*Exercise prompt*
Ignoring every picture, transcribe the data in full as it stands.

*Raw data*
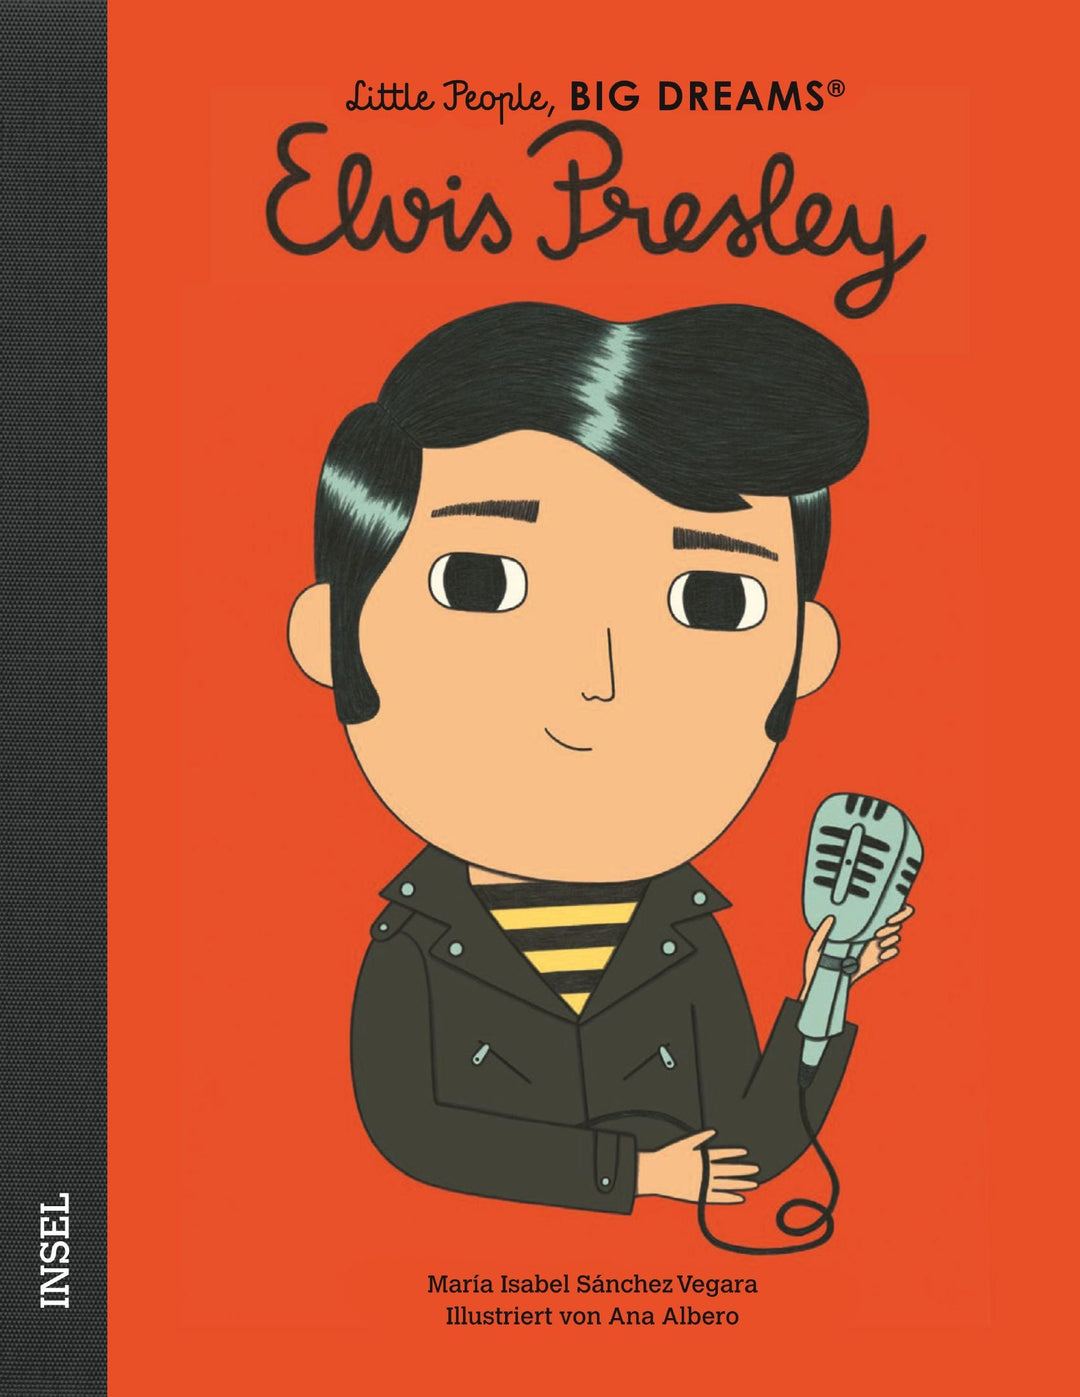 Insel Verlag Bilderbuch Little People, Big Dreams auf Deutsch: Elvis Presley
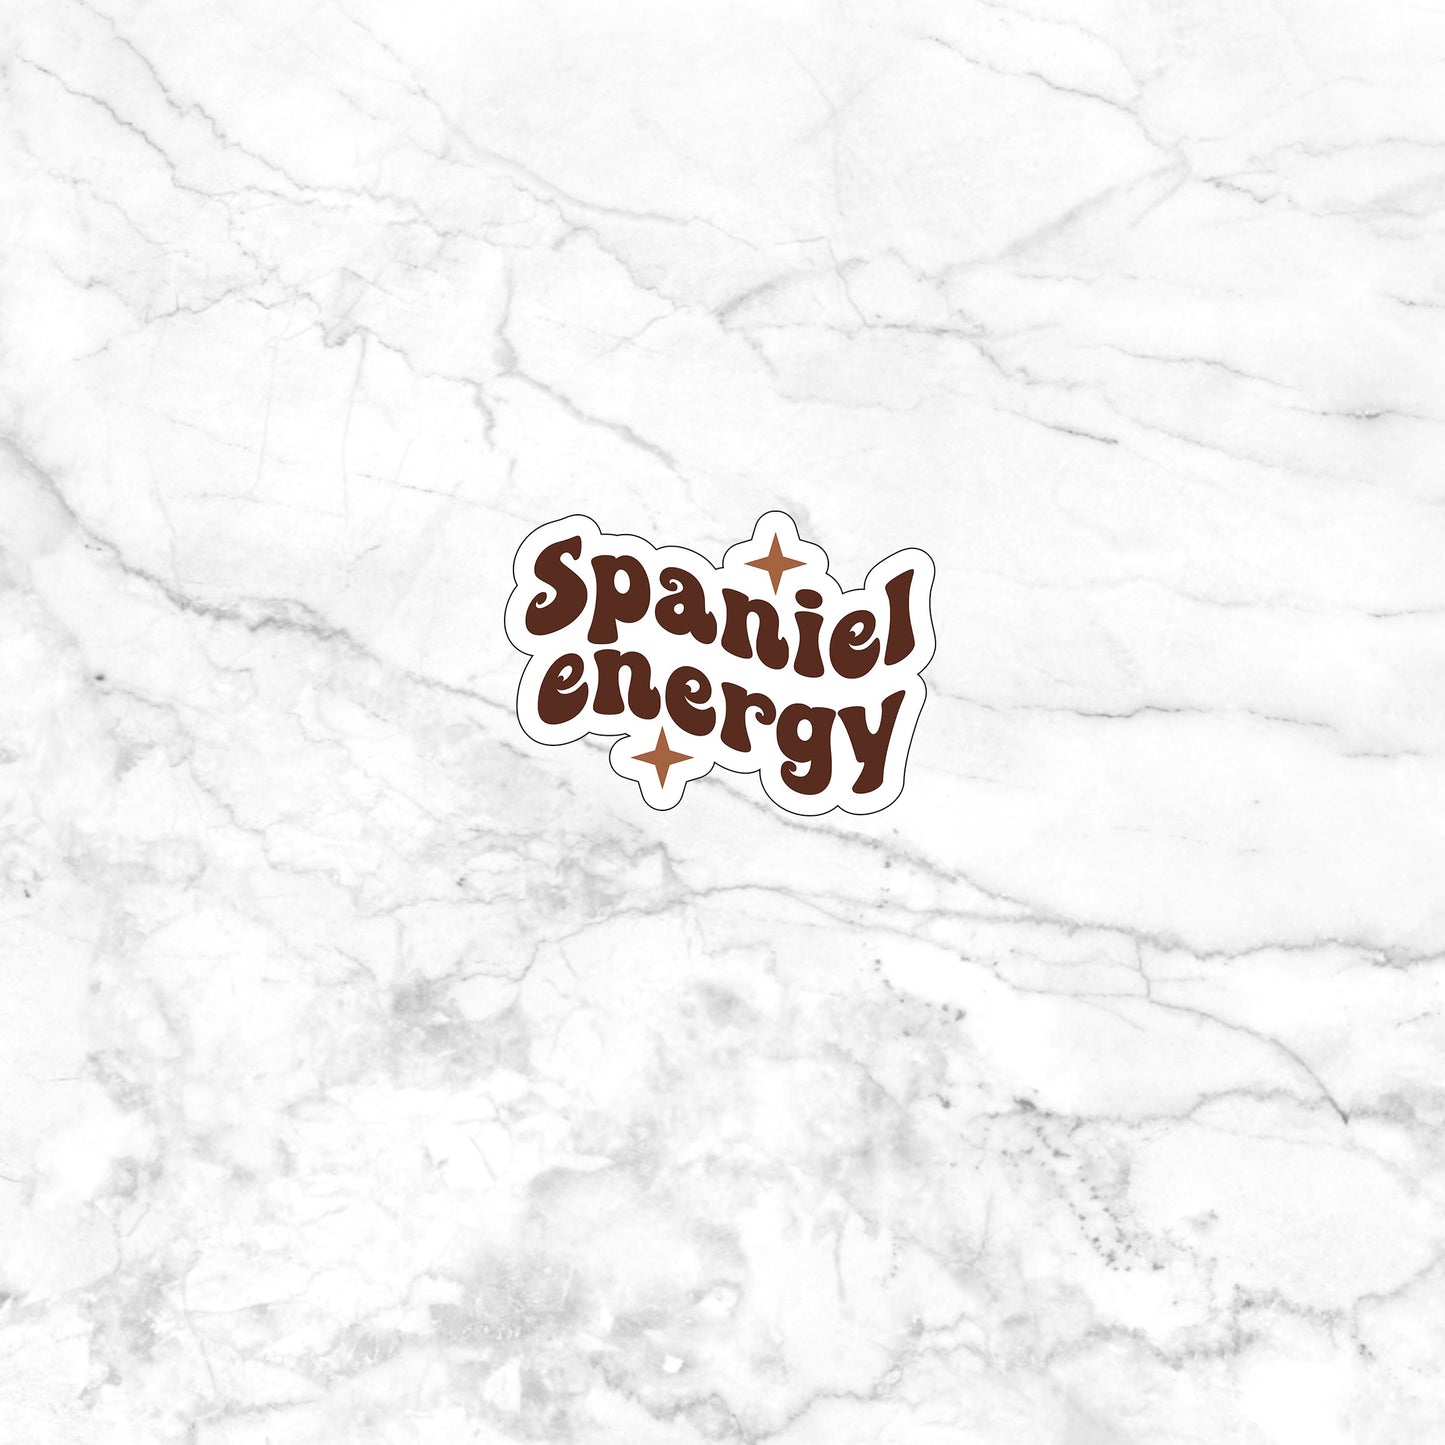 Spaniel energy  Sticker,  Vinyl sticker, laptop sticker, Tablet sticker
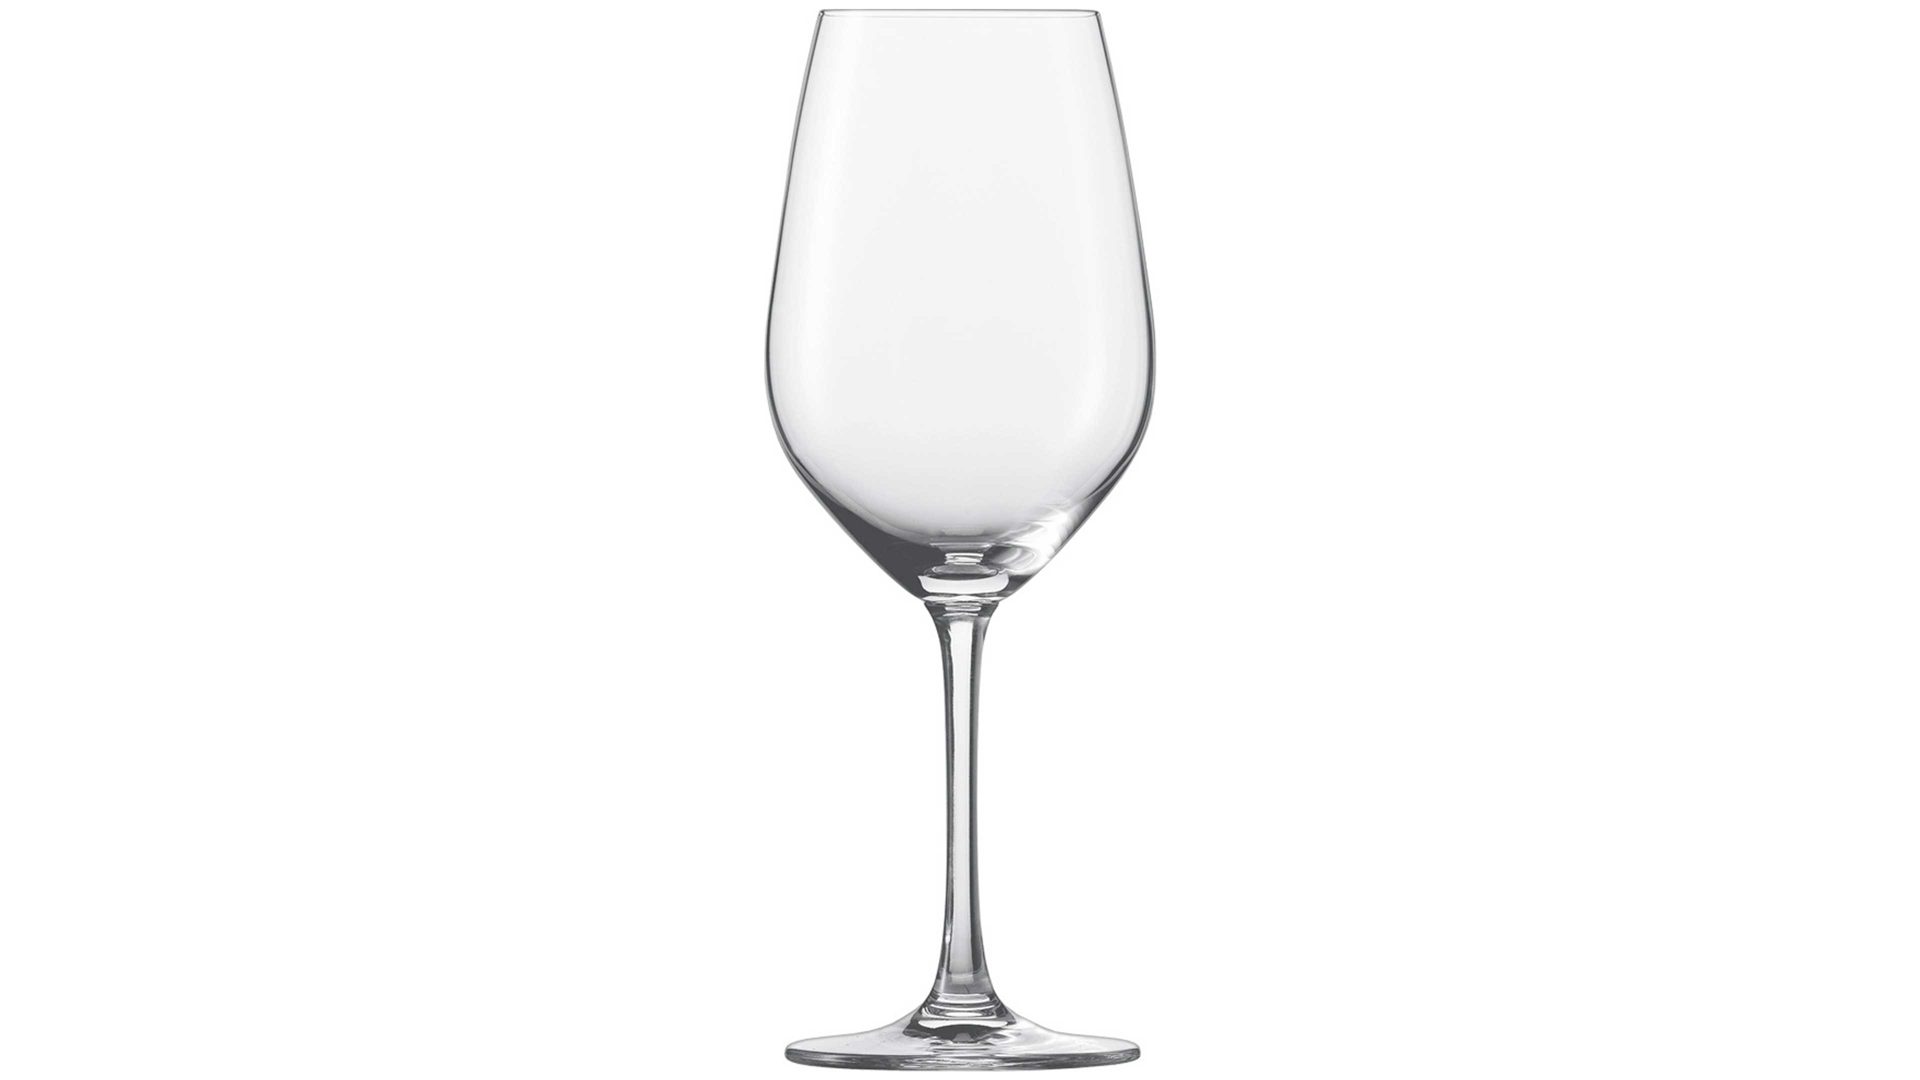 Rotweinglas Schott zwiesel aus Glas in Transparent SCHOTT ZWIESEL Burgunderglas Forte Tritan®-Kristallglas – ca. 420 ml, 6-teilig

*Result for this task*
 Insel Verlag Bilderbuch Little People, Big Dreams auf Deutsch: Elvis Presley
 Spaniel energy  Sticker,  Vinyl sticker, laptop sticker, Tablet sticker
 Rotweinglas Schott zwiesel aus Glas in Transparent SCHOTT ZWIESEL Burgunderglas Forte Tritan®-Kristallglas – ca. 420 ml, 6-teilig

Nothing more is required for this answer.